● EXERCISE OBJECTIVE:
Going line by line through the records below, write out everything starting with the line containing "Giant Blanket: The Laughing Giraffes" and going on through the line containing "Sermaye Piyasa Kurulu", exactly and inclusively. Pictures do not go in.

● EXTRACTED MATERIAL:
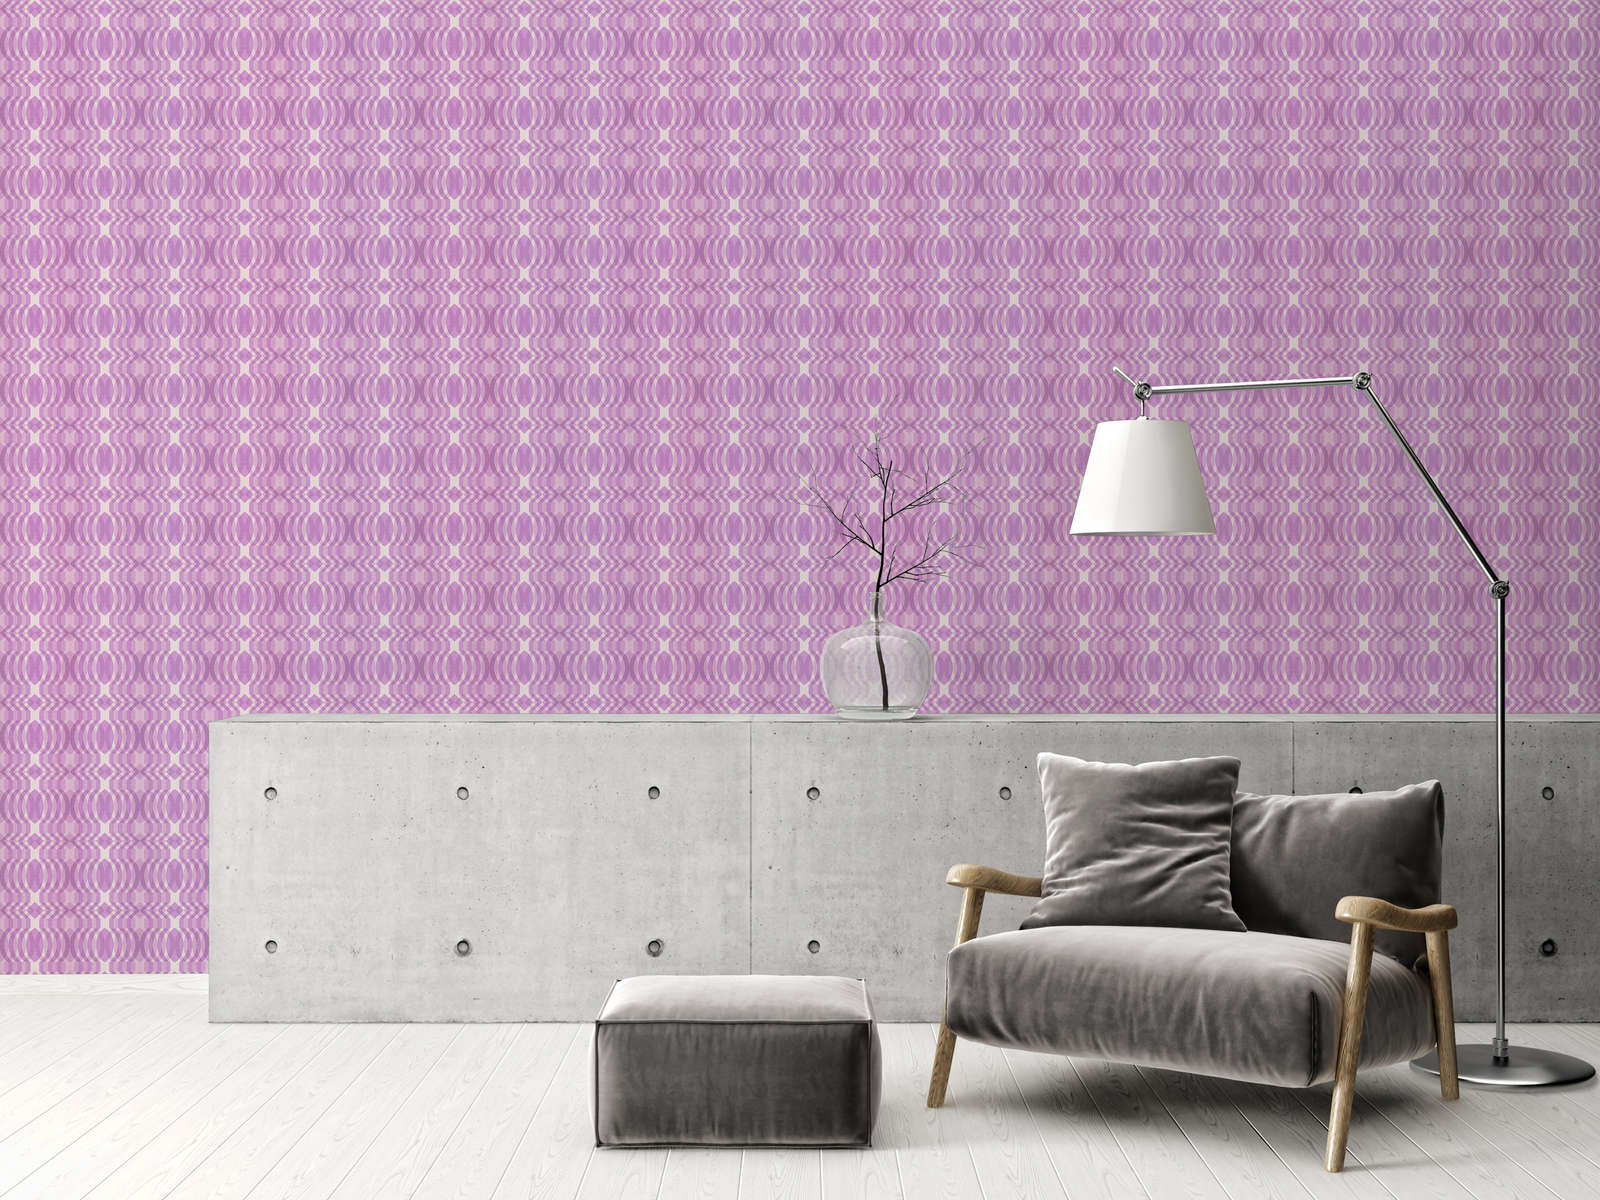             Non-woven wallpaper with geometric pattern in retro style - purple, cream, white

--

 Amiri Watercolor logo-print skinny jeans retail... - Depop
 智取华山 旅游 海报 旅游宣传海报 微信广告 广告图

...

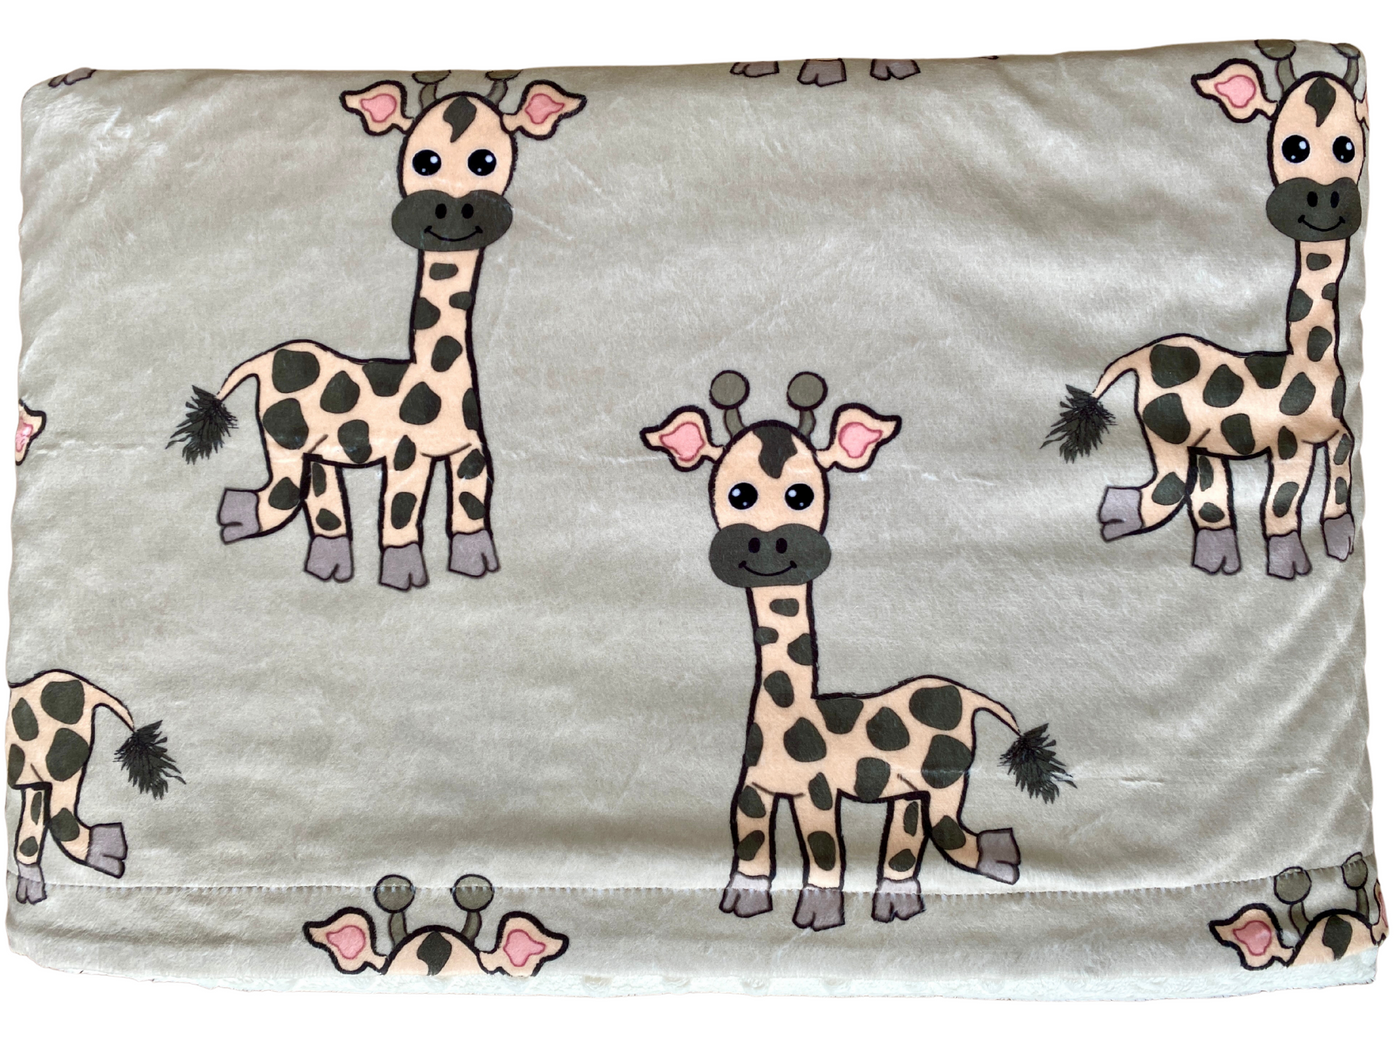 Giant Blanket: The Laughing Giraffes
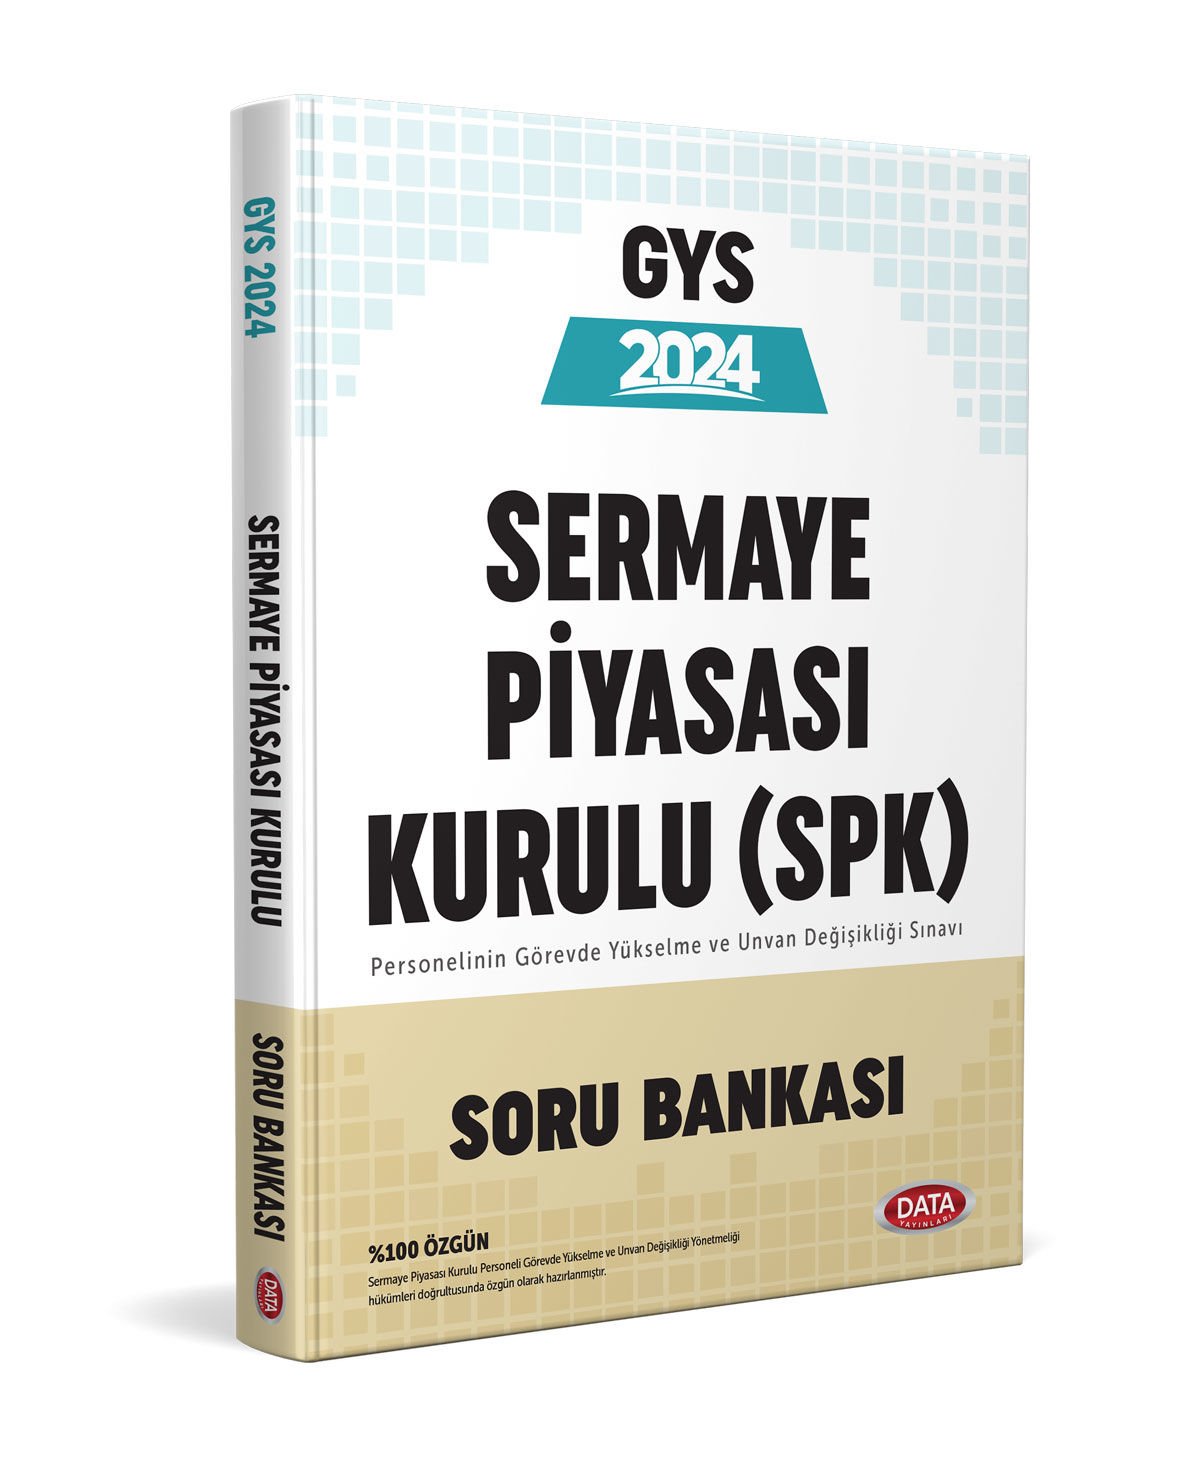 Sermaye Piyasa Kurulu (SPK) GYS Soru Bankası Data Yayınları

● RESULT FOR THIS EXERCISE:
 Giant Blanket: The Laughing Giraffes
 Sermaye Piyasa Kurulu (SPK) GYS Soru Bankası Data Yayınları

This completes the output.